● **WHAT YOU SHOULD DO**:
Do not repeat pictures. Repeat exactly the lines of the listing below from its first line through the line with "US Professional Skincare".
··· DATASET EXTRACT
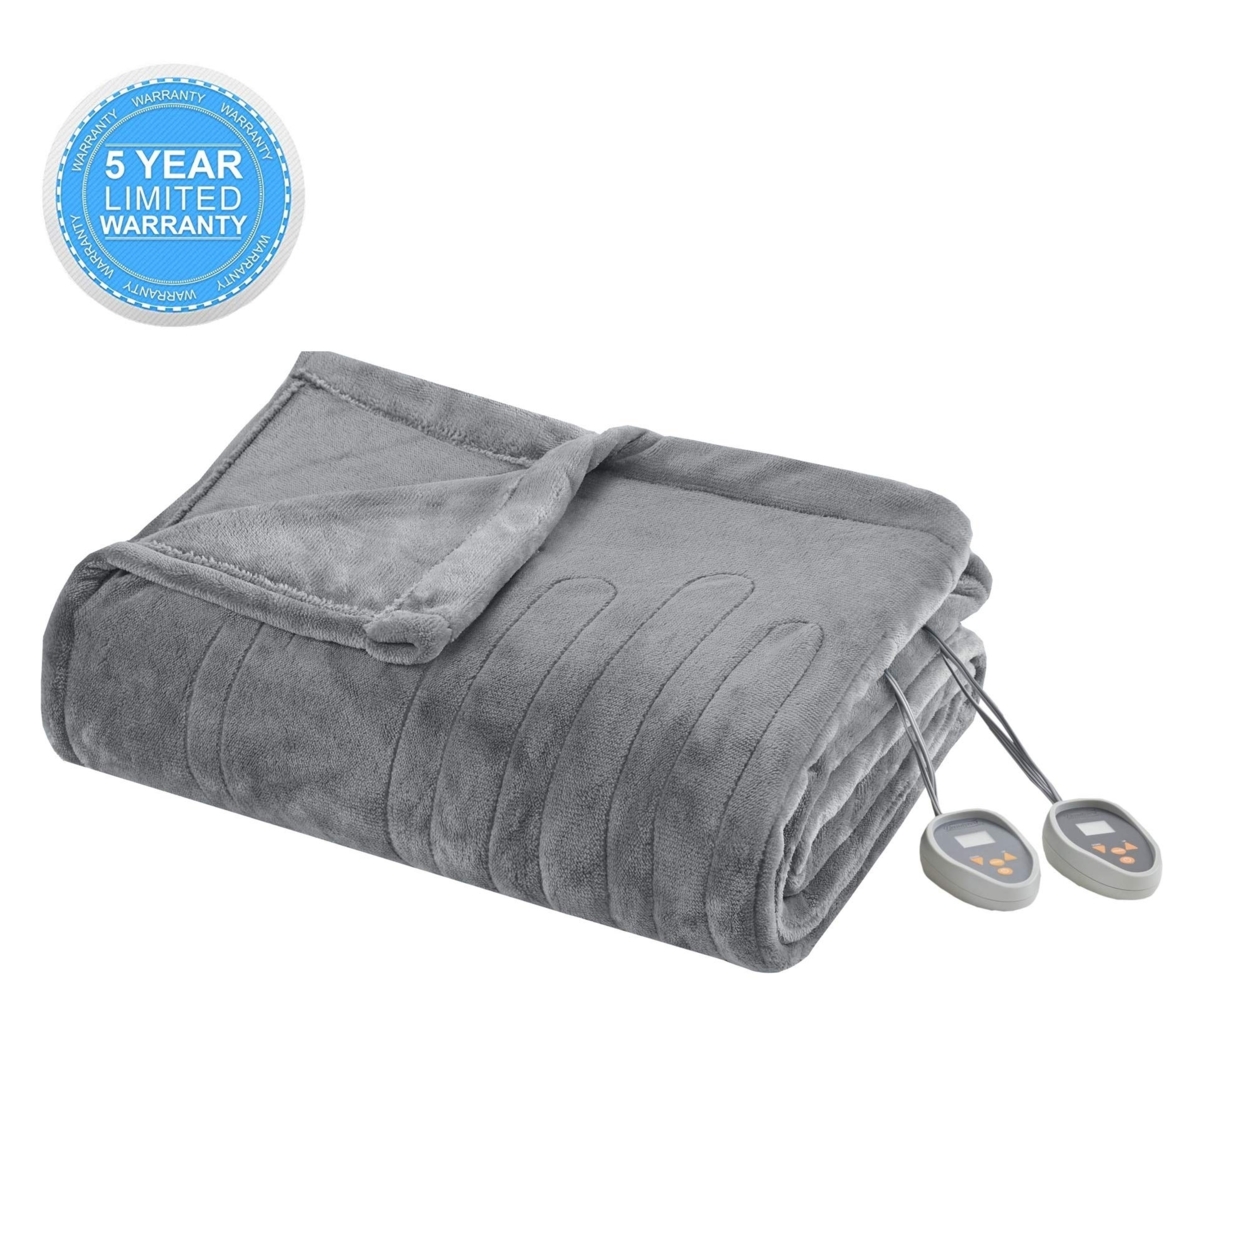 Beautyrest Heated Plush Solid Microlight Blanket, King, Grey - image 4 of 6
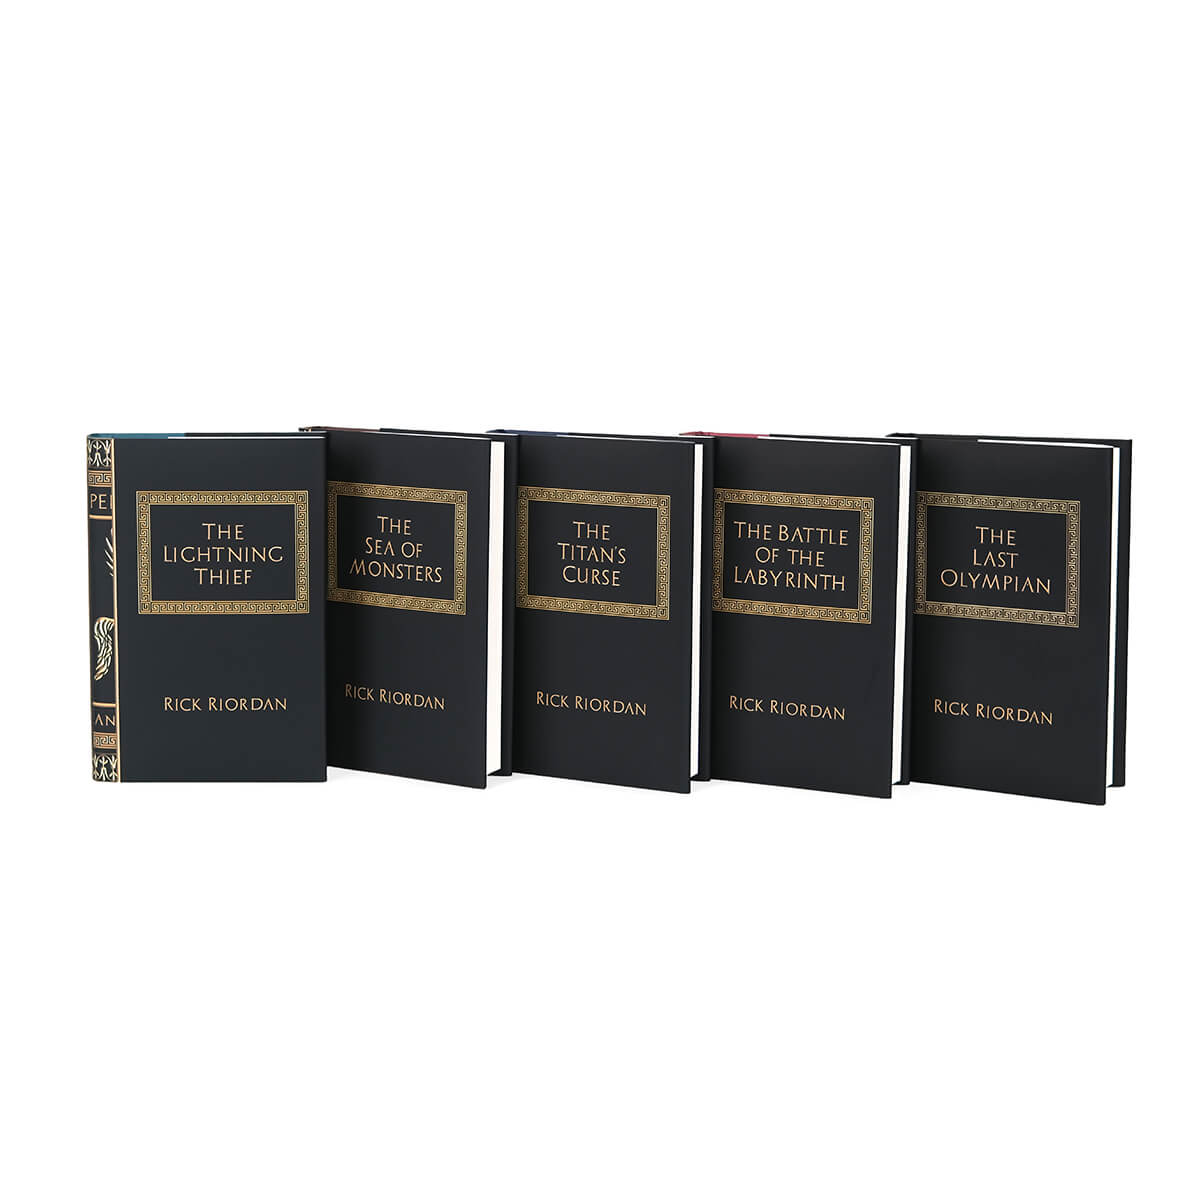 Custom collectible dust jackets for Percy Jackson and the Olympians by Juniper Custom. Black covers feature embossed style ornaments, book title, and author name. 
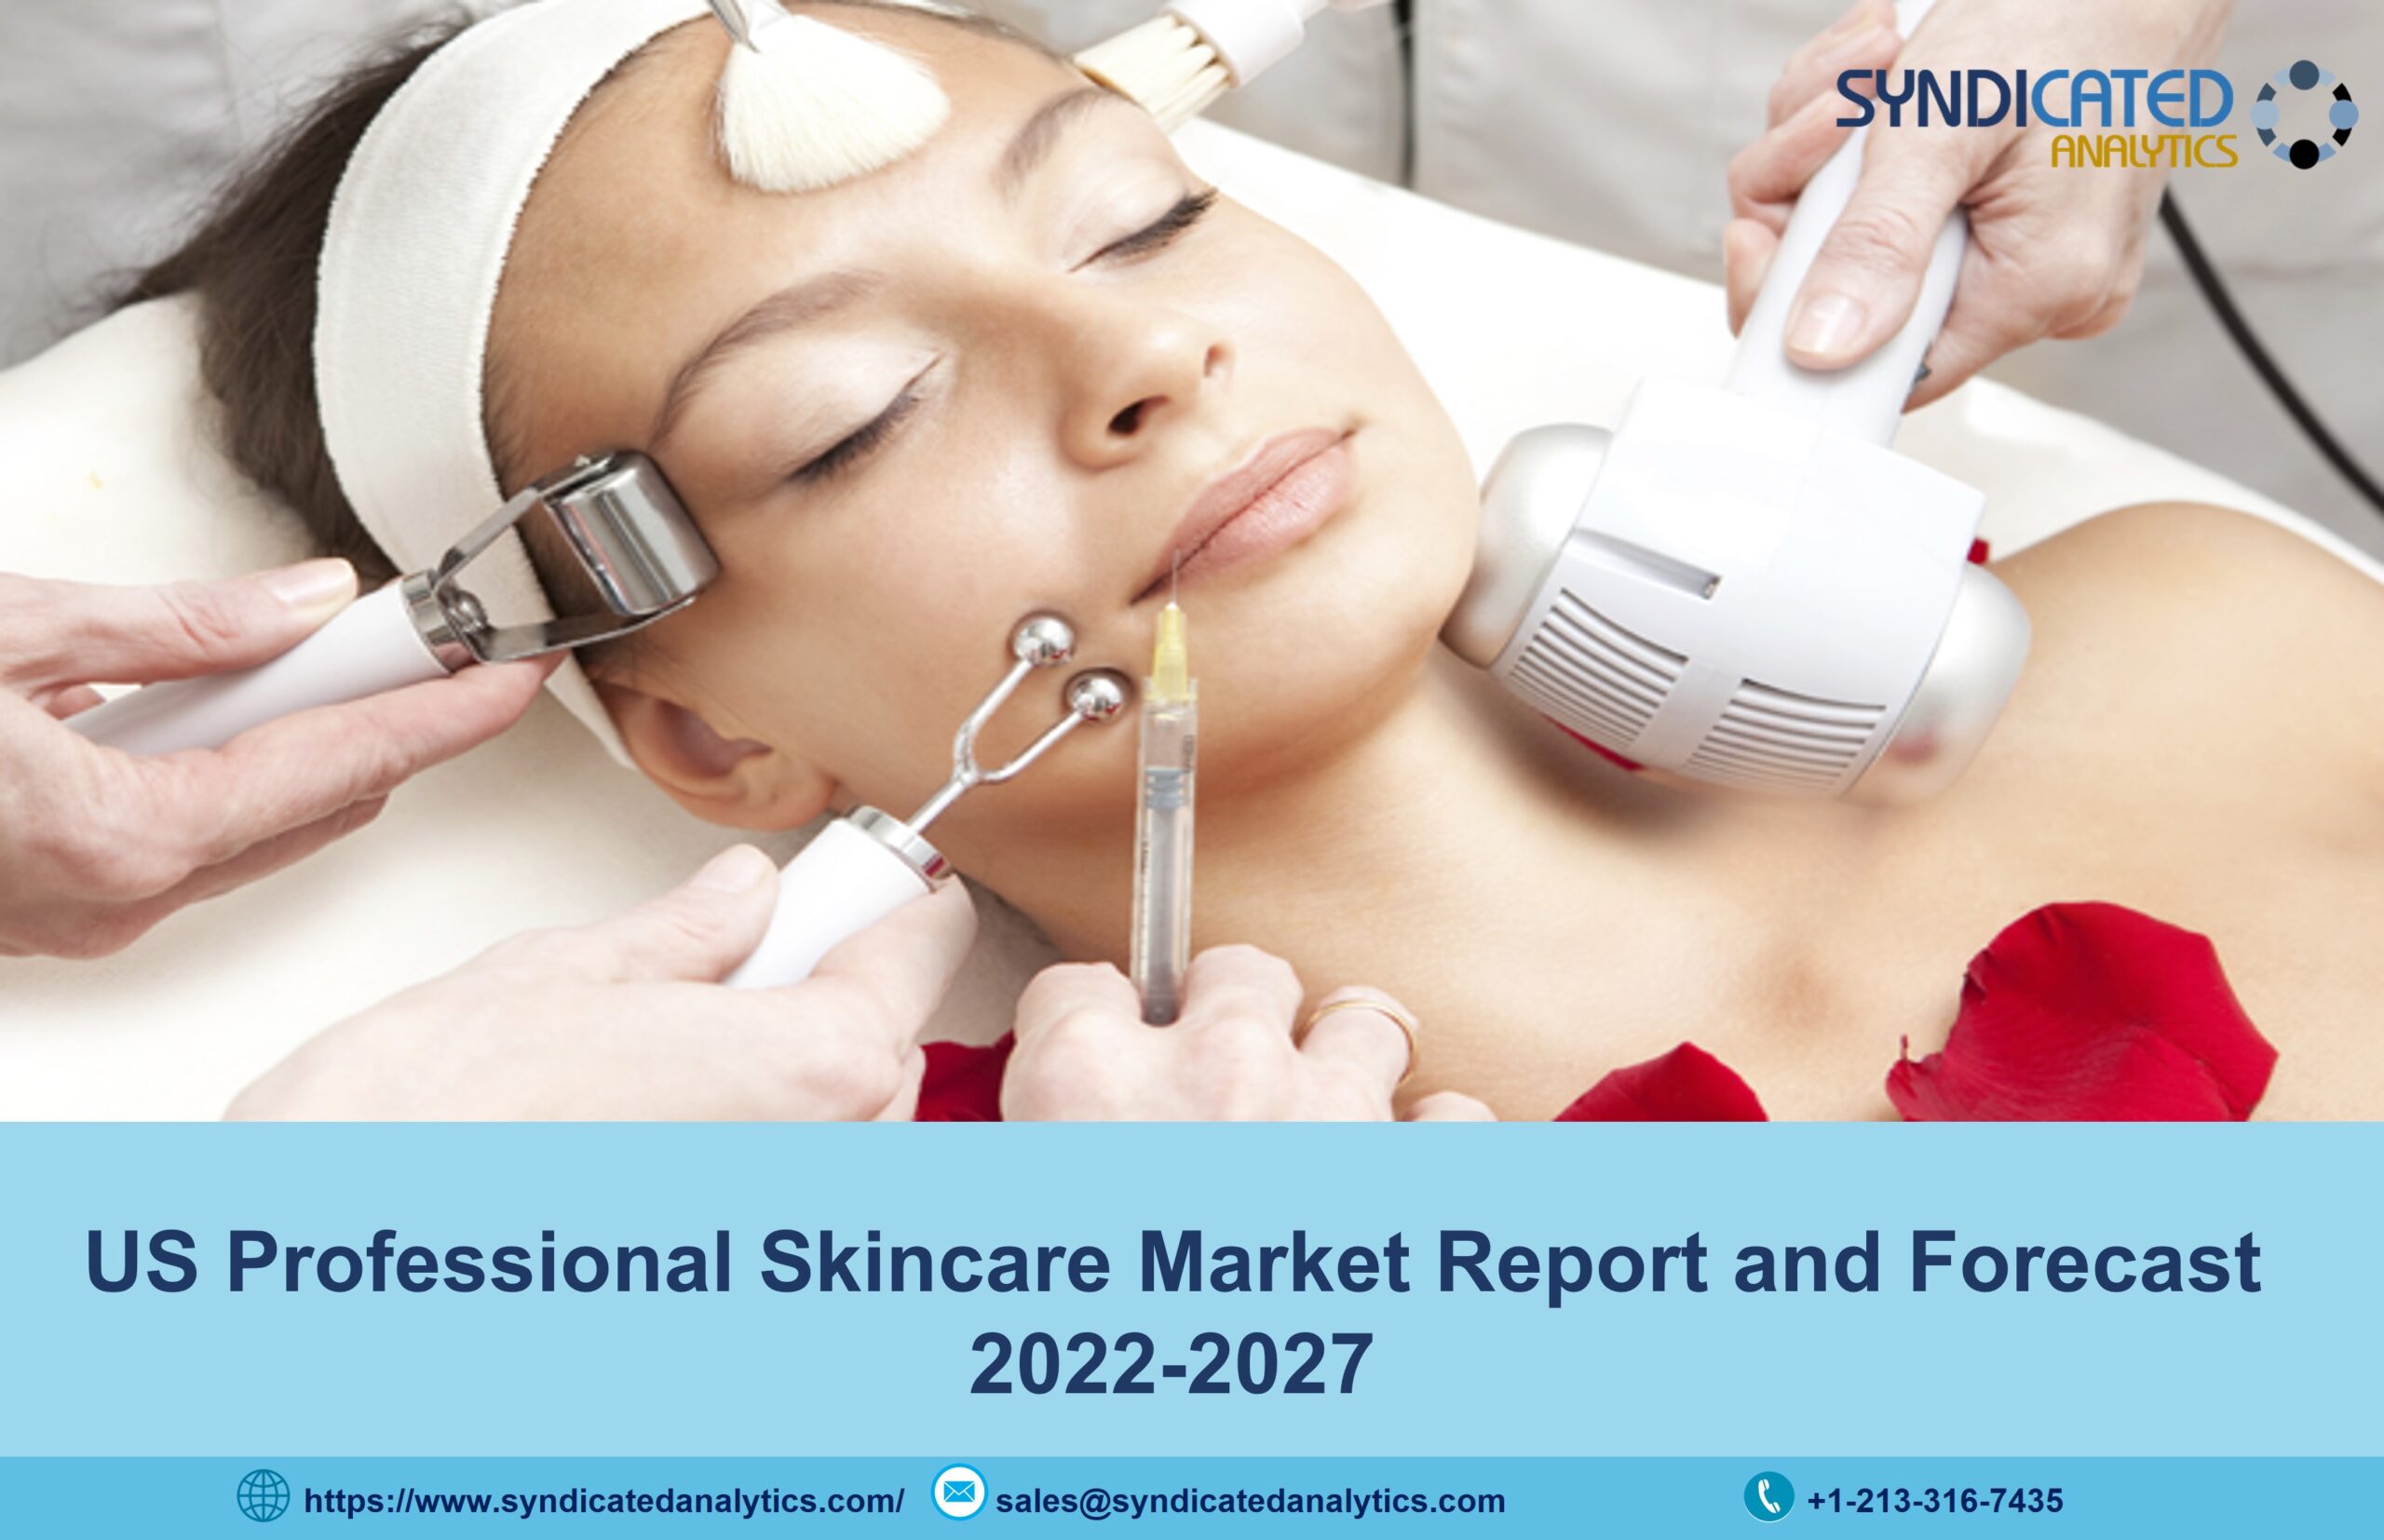 US Professional Skincare Market Size 2022, Price Trends, Growth, Share, Demand, Opportunities And Forecasts To 2027 | Syndicated Analytics
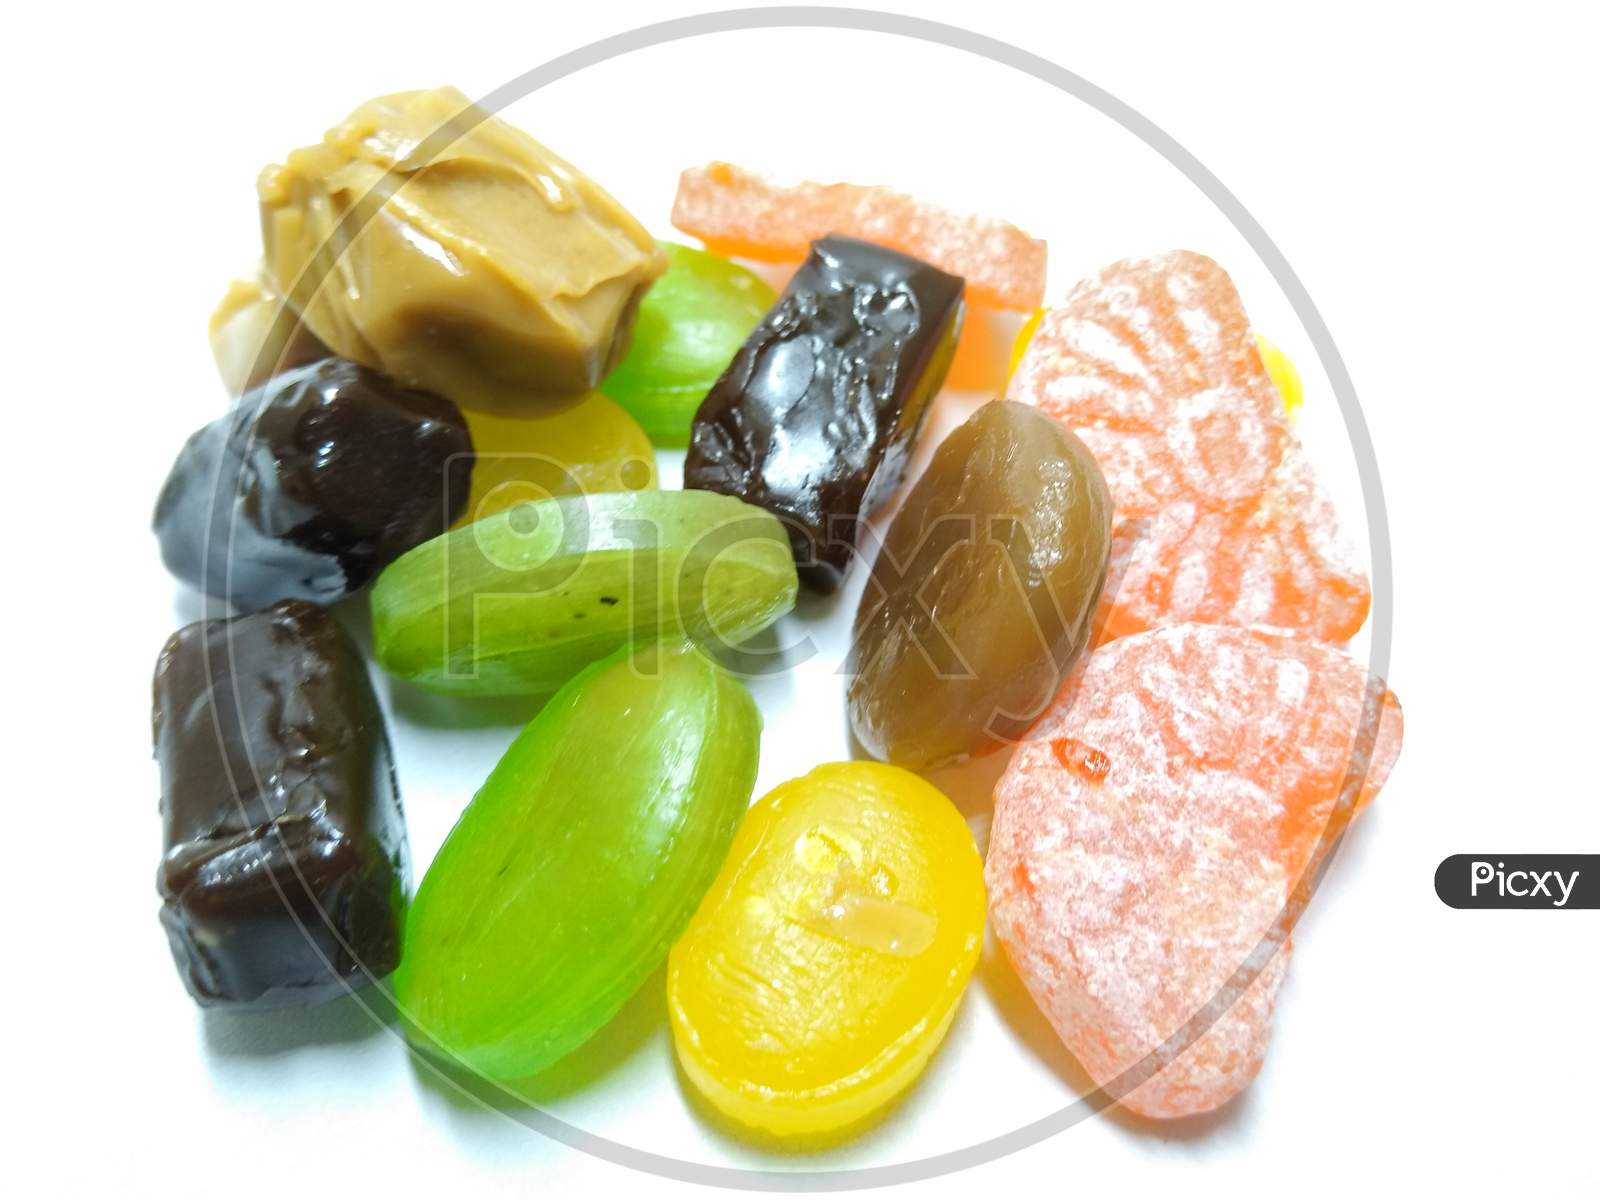 Candies And Toffees On White Background
······
● **WRITTEN SOLUTION**:
 Beautyrest Heated Plush Solid Microlight Blanket, King, Grey - image 4 of 6
 Custom collectible dust jackets for Percy Jackson and the Olympians by Juniper Custom. Black covers feature embossed style ornaments, book title, and author name. 
 US Professional Skincare Market Size 2022, Price Trends, Growth, Share, Demand, Opportunities And Forecasts To 2027 | Syndicated Analytics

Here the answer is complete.